Venue: Vancouver East Cultural Centre
Date: 25 April 2001
Reviewer: Cheryl Rossi
The first thing we saw when we entered the theatre was
a terrarium at the front center of the floor, containing two women, a
miniature tree, and camping paraphernalia. The women chatted, listened
to a discman and flipped through The Worst Case Scenario Survivor's
Handbook while we took our seats. A woman entered, pushed their
wheeled case around, and then off the stage.
Another terrarium containing four miniature trees was rolled to the front of stage left. The three propane stoves on top of it were lit, not without a comical struggle, and the encased trees and the burning elements remained in that position until the end of the performance when the flames were extinguished.
There were five dancers: Susan Elliot, Caroline Farquhar, Cornelius Fischer-Credo, Day Helesic and Ron Stewart, who were constantly flitting on and off stage, executing repeated phrases of movement, usually using their upper bodies while their lower bodies remained rooted, until they ran off again.
At various points, a dancer would playfully instruct one or more others to enact movements such as the quirky "greedy penguin" and "washing machine into cutting flowers." The flower cutting action was unexpectedly quick and violent, with comic effect.
Also intermittent throughout the performance was Fischer-Credo's unhurried shifting of rocks, from the back of the stage to a black tray at the front, to build a wall.
It was a sparse production.
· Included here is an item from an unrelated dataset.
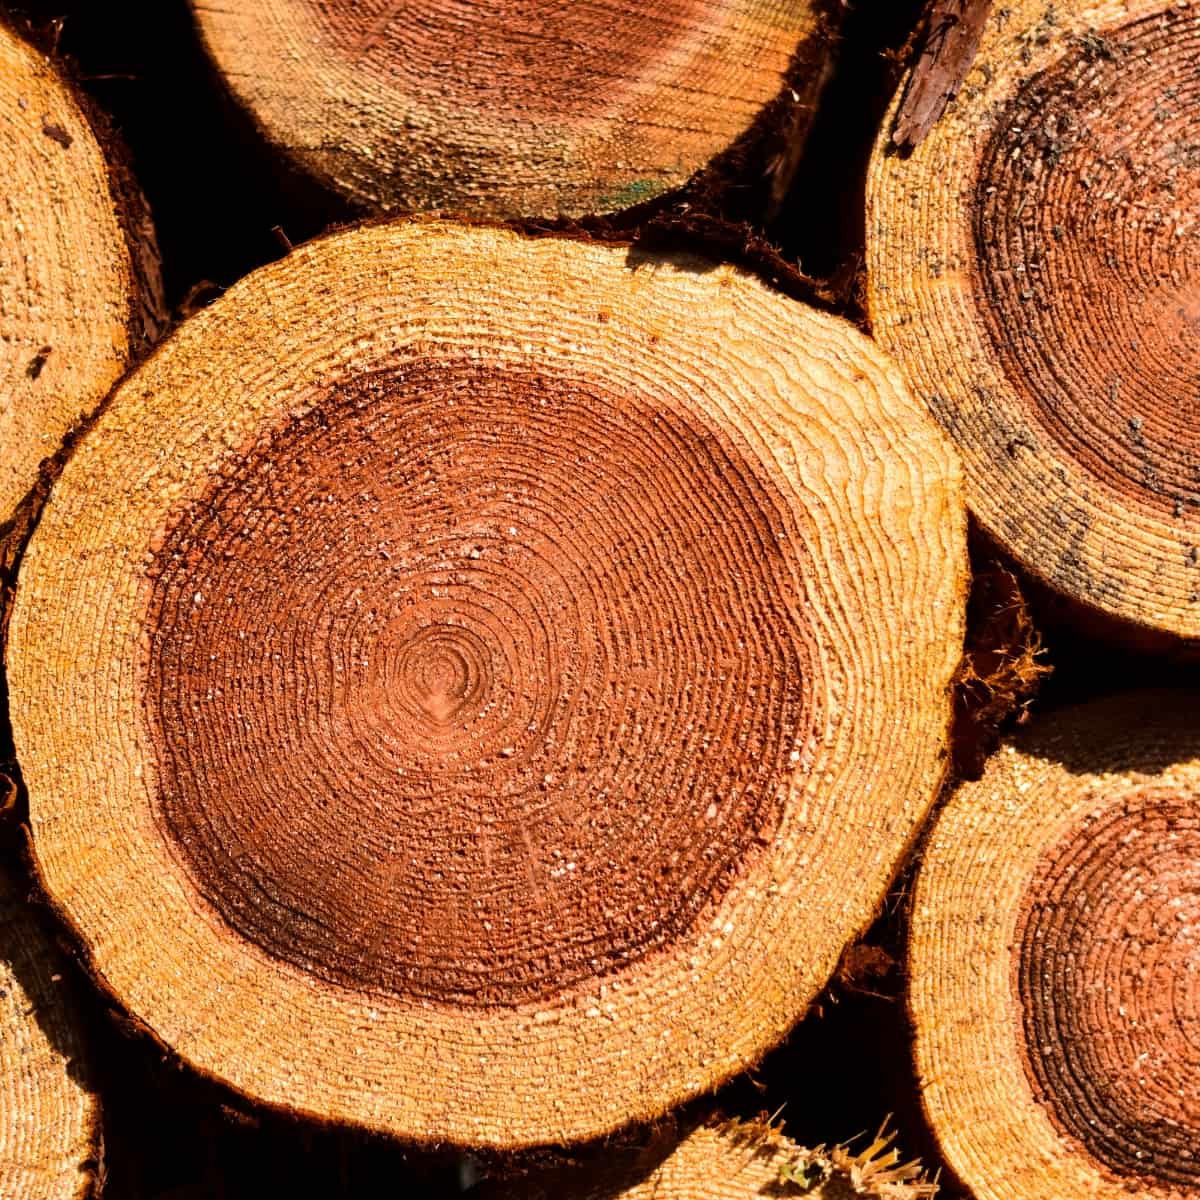 Кедрово дърво: безопасно и препоръчително ли е за пушене на месо?
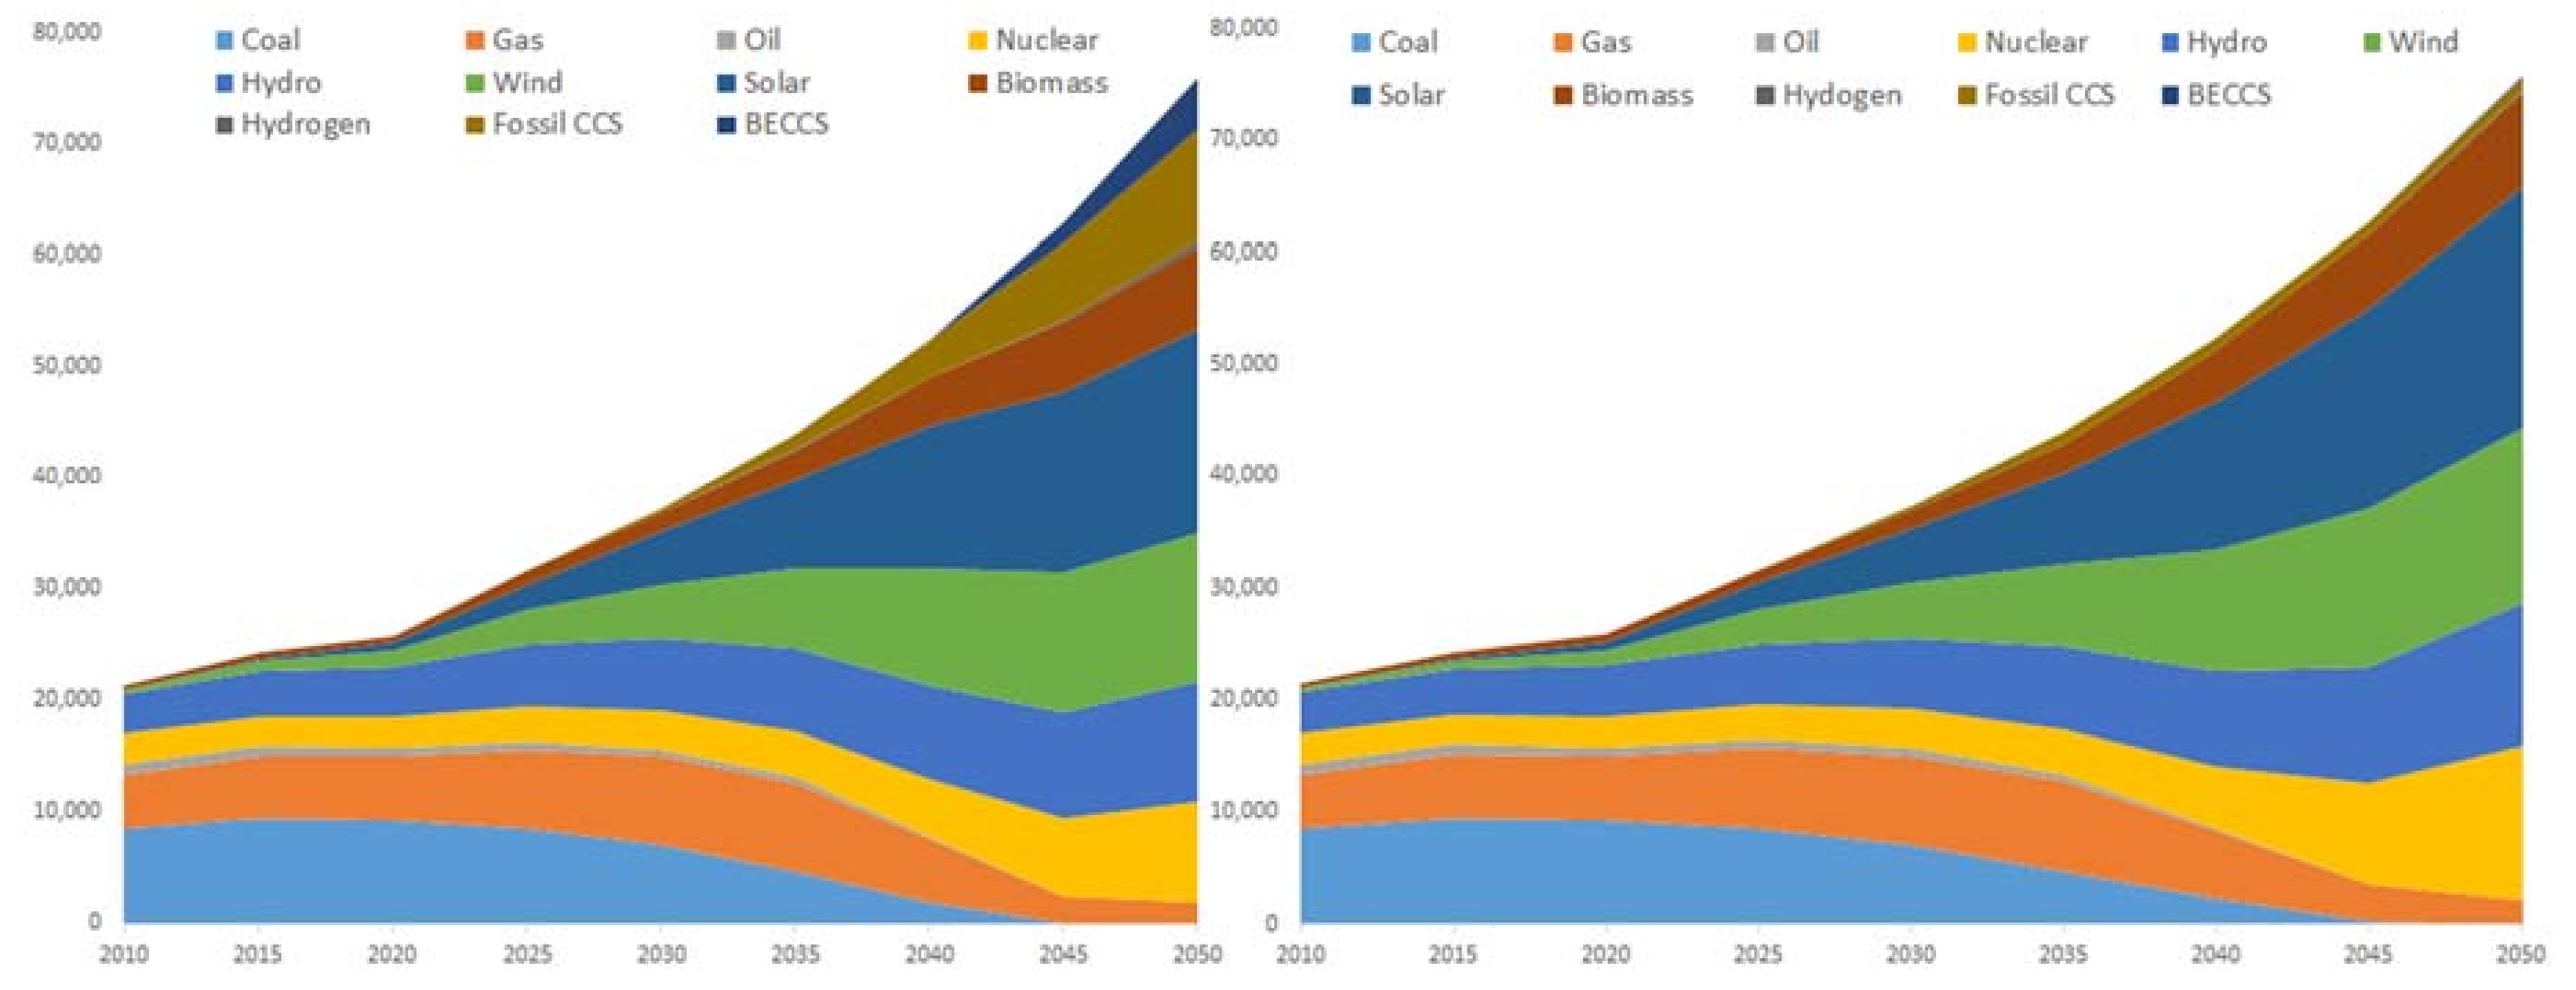 carbon capture and utilization

The dancers were dressed in neutral coloured leggings and tanks and the minimalist set was evocative of the outdoors. Sometimes it was silent and other times John Korsrud's suggestive compositions enhanced the activity. The video was mostly nature shots interposed with illustrated flowers.
In addition to the shallow boxes or trays at the front of the stage and the terrariums, boxes of light were projected onto the floor for the dancers to move within. A few dancers would be doing identical, usually small decisive movements, then another would take the stage and model a different action. The others would pause to observe what this new entity was going to offer. At times, the way in which the light struck the dancers' bodies, their poses and their movements made them appear mechanical.
The most gripping repeated spectacle was when muscle-y Stewart stood alone on the stage in a spotlight, and holding his lower body still, he rotated his upper body, flailing his arms in perfect synchrony with the potent bass of the electronic music. It was mesmerizing each time.
Although there were nuances of themes such as containment of the natural world for inspection and the observation of small activities of others to see what they could offer, I left feeling confused. The performance as a whole was intriguing, yet somewhat puzzling. In a recent interview the choreographer, Lola MacLaughlin, said: " . . . you don't want to influence how the audience will interpret it. See it and I'll talk to you after." Now that would be a helpful discussion.